Here is the action sequence:

[Sylvia] walked over to a large ridged crystal bowl, a very fifties sort of bowl, stalwart and square-jawed. “What do you think? Beautiful, isn’t it?”
“Mom, to tell the truth, I think it’s kind of ugly.”
“Four hundred and twenty-five dollars,” Sylvia said admiringly. “You have to feel it.”
Then she picked up the bowl and tossed it to Theo, like a football.
The gentlemen in the cardigan sweaters gasped and did not exhale. When Theo caught it, it sank his hands. His cane rattled to the floor.

Isn’t that fabulous? It also reminds us that high-stakes action doesn’t have to include gunfire and speeding cars. It’s a perfect example of the extraordinary. Now, check out how the writer takes this up a notch to symbolic some paragraphs later:

It seemed Sylvia had been looking a long time for something like this, something heavy enough to leave an impression, yet so fragile it could make you sorry.

One sentence. This nails the whole story without ever leaving the truth and reality of the crystal bowl. Try it.

Tim O’Brien pulls this off in a different way in the first chapter of his novel, which is also an amazing stand-alone short story also titled, The Things They Carried.

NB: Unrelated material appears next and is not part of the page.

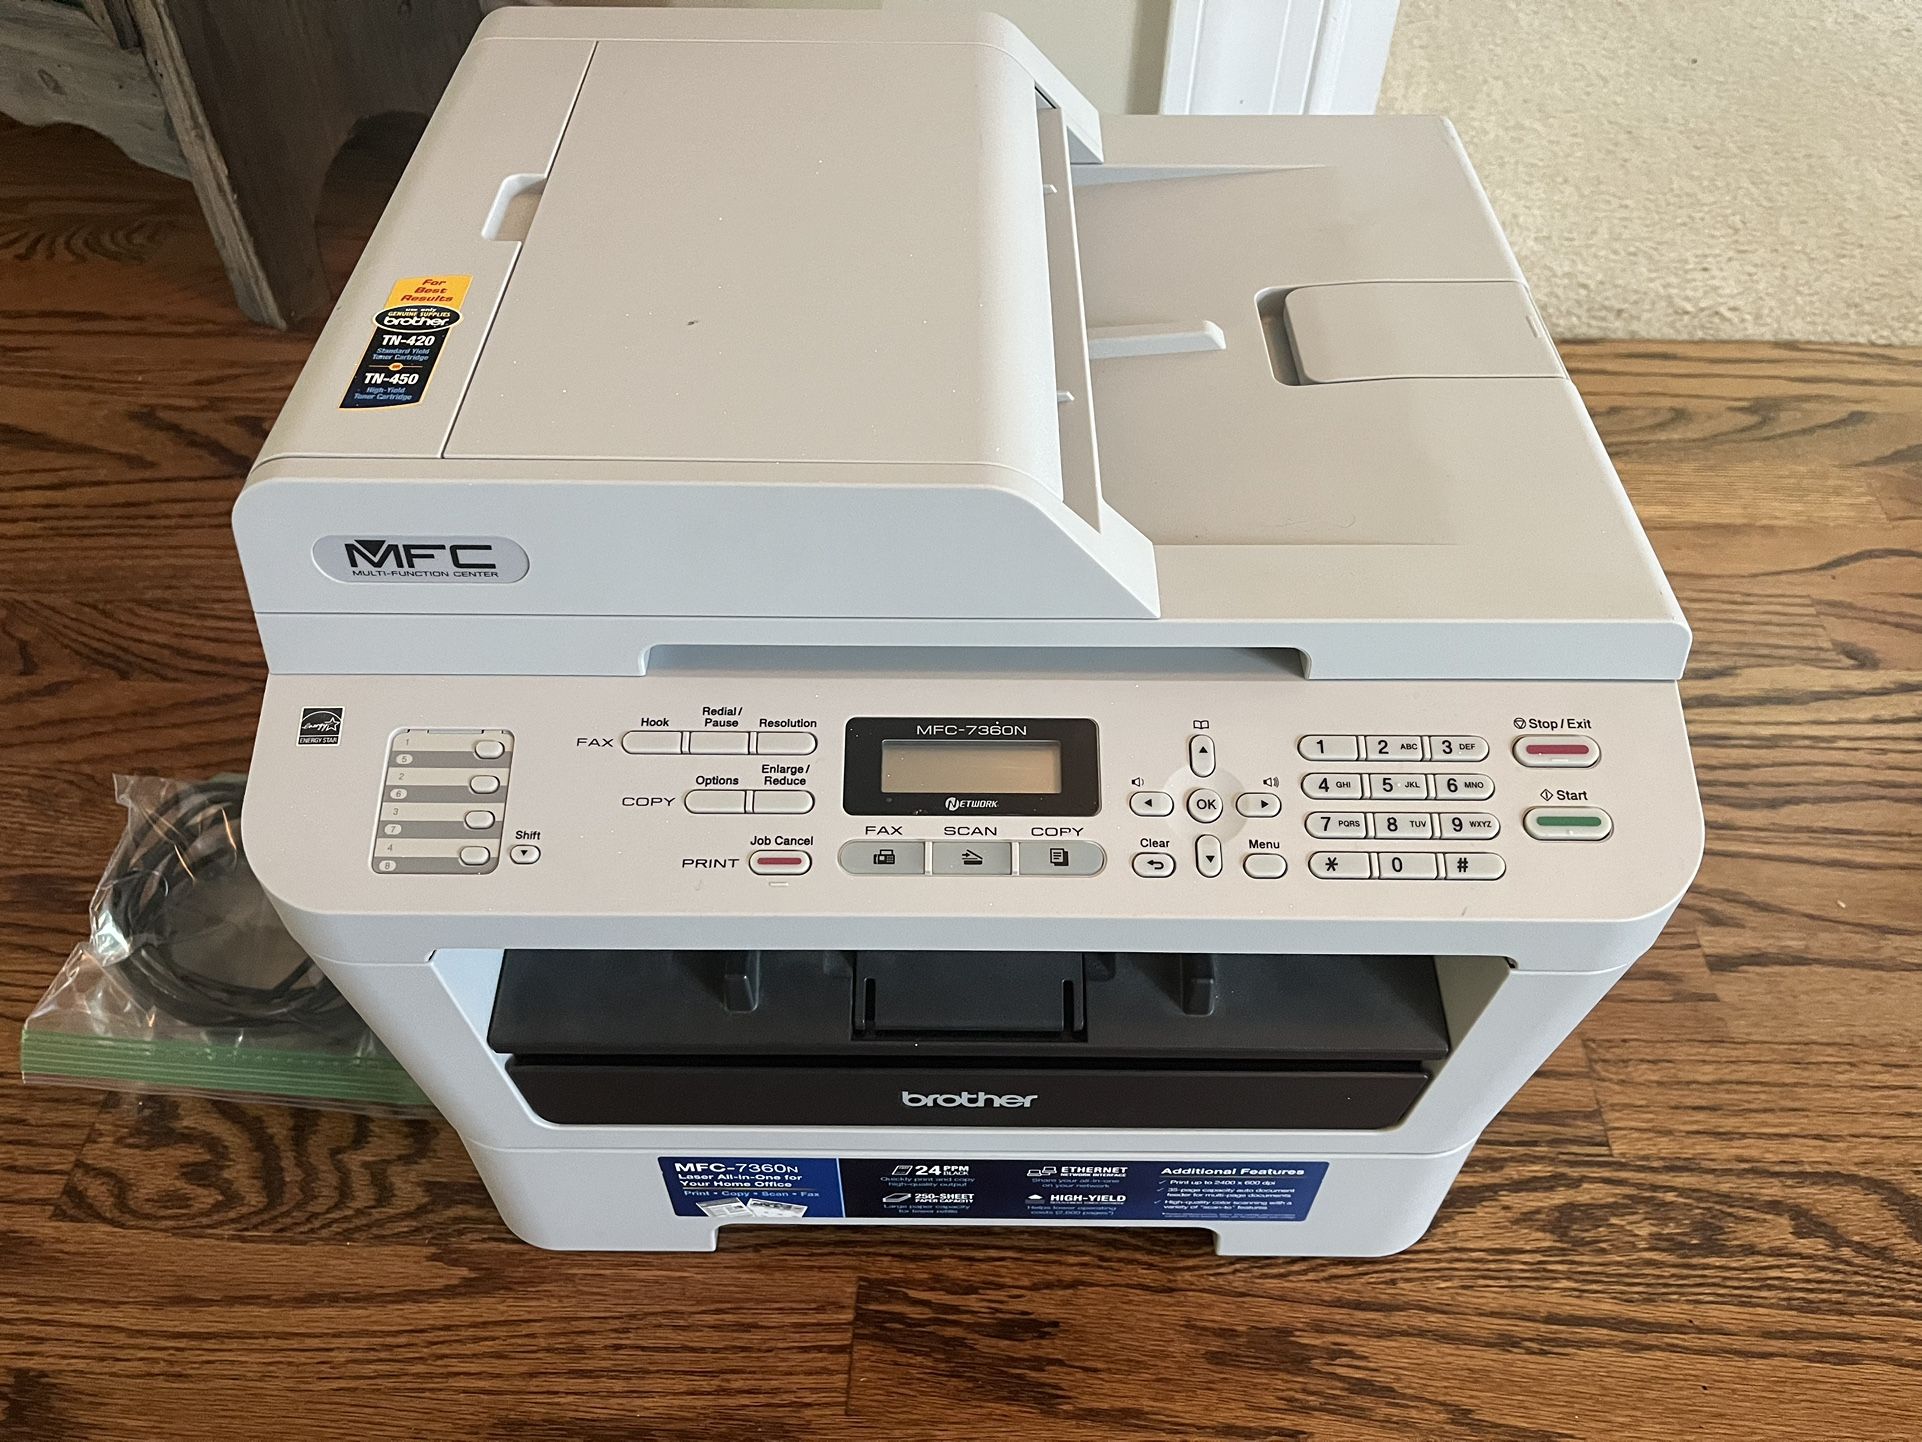 Brother MFC-7360N Laser Printer Scanner Copier

The use of rhythm and detail in the list here allows for a shift in meaning so that an everyday action (to carry) rises to symbol. By staying grounded in a vividly specific world, the prose is allowed to lift off the ground and carry us along.

They carried chess sets, basketballs, Vietnamese-English dictionaries, insignia of rank, Bronze Stars and Purple Hearts, plastic cards imprinted with the Code of Conduct. They carried diseases, among them malaria and dysentery. They carried lice and ringworm and leeches and paddy algae and various roots and molds. They carried the land itself–Vietnam, the place, the soil–a powdery orange-red dust that covered their boots and fatigues and faces. They carried the sky.

It’s a sort of transcendence earned by gritting reality. Do try this at home.